Das Perlengebet als kostbare Tradition

von Redaktion

Zwischen Himmel und Erde

Vor meinen Augen kann ich sie immer noch sehen: die alte Frau, die sich jeden Abend mit dem Rollator auf den Weg macht. Immer wieder staune ich über ihre mühsame Beharrlichkeit, denn sie kommt wirklich bei jedem Wind und Wetter, bei Hitze und Schnee zum täglichen Rosenkranzgebet einer kleinen Gruppe in die Pfarrkirche.

So geht das sieben Tage die Woche schon über viele Jahrzehnte hinweg, erzählen mir die Bewohner des Viertels. Jetzt ist die alte Frau nach ein paar Stürzen in ein Pflegeheim umgezogen. Es geht nicht mehr allein zu Hause.

Als ich sie besuche, sehe ich den Rosenkranz am Nachttisch liegen. Sie folgt meinem Blick und meint: „Der Rosenkranz ist das Einzige, das mir jetzt noch geblieben ist.“ Mich berührt diese einfache Frau, die ihre persönliche Kraftquelle auch für schwere Zeiten gefunden hat.

Im Monat Oktober wird das Rosenkranzgebet traditionell noch an vielen Orten gepflegt. Den Jüngeren ist diese Form meist völlig fremd oder wird als „Geleiere“ der Alten abgetan. Dabei gibt es das meditative Wiederholen von einzelnen Gebeten, die wie ein Mantra zu einer besonderen Ruhe und in die Tiefe führen, auch in den derzeit als so modern geltenden fernöstlichen Religionen. Wir haben da eben unsere eigenen kostbaren Traditionen.

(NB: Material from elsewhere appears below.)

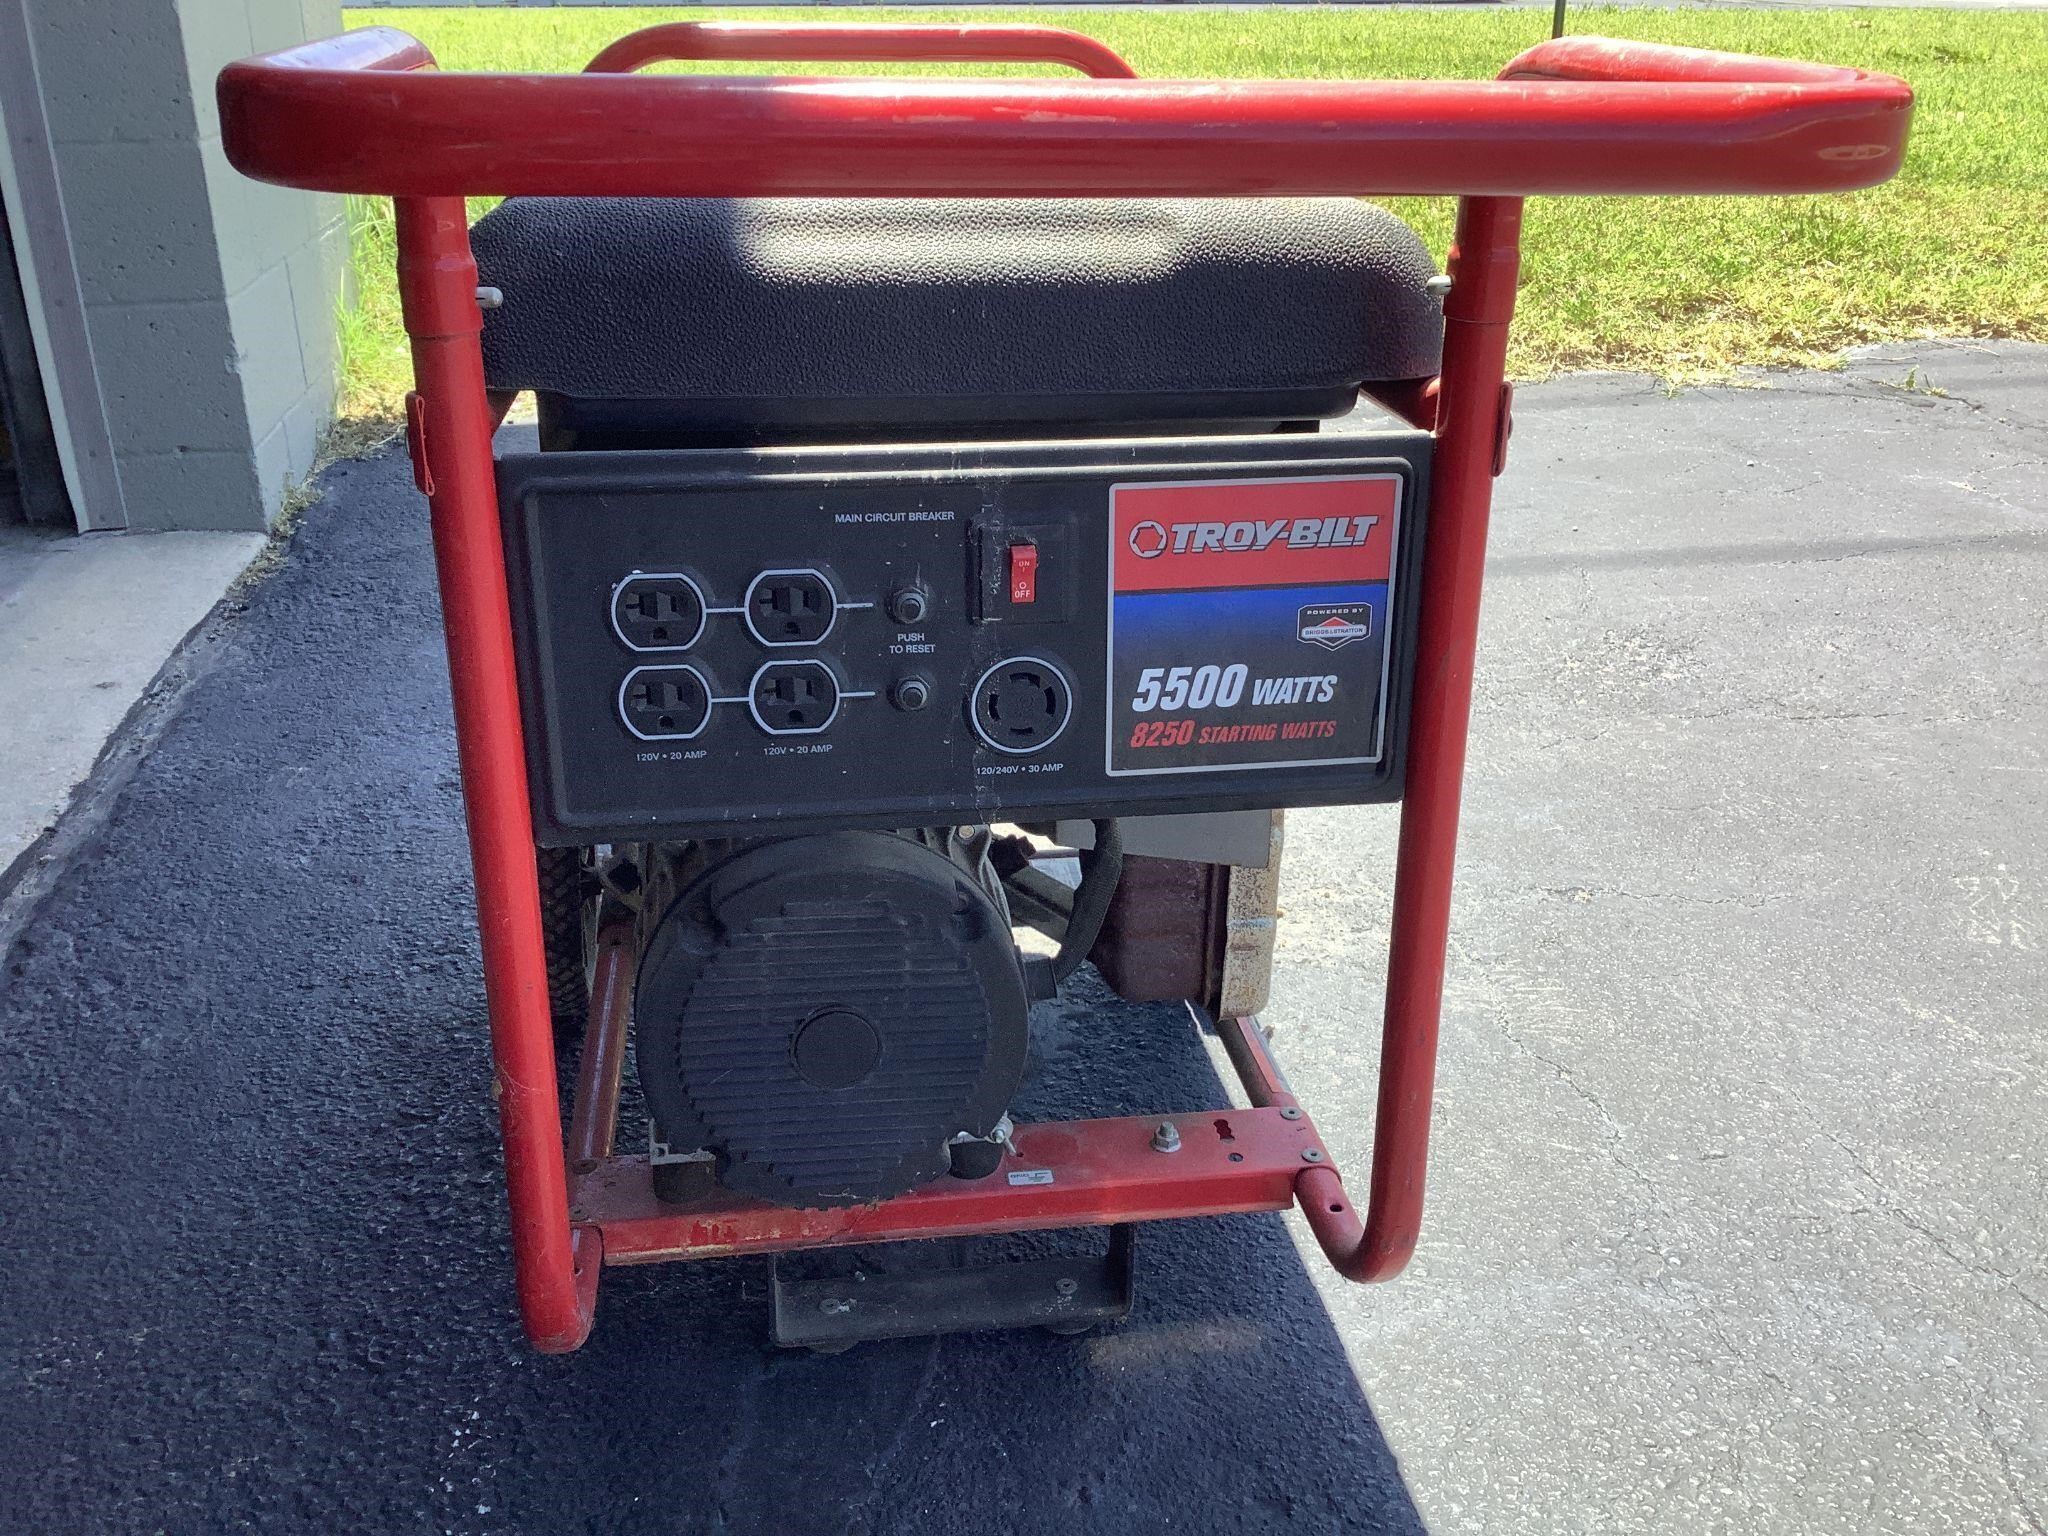 Troy Bilt generator 5500 watts model 030433

Als ich im Pflegeheim nach einer Zeit wieder gehe, drückt die alte Frau liebevoll meine Hand: „Ich bete für Sie, denn ich habe hier ja viel Zeit. Damit Ihnen die Kraft nicht ausgeht!“ Was für ein Geschenk, dass es solche Menschen heute noch gibt, die mich und andere im Herzen still weitertragen.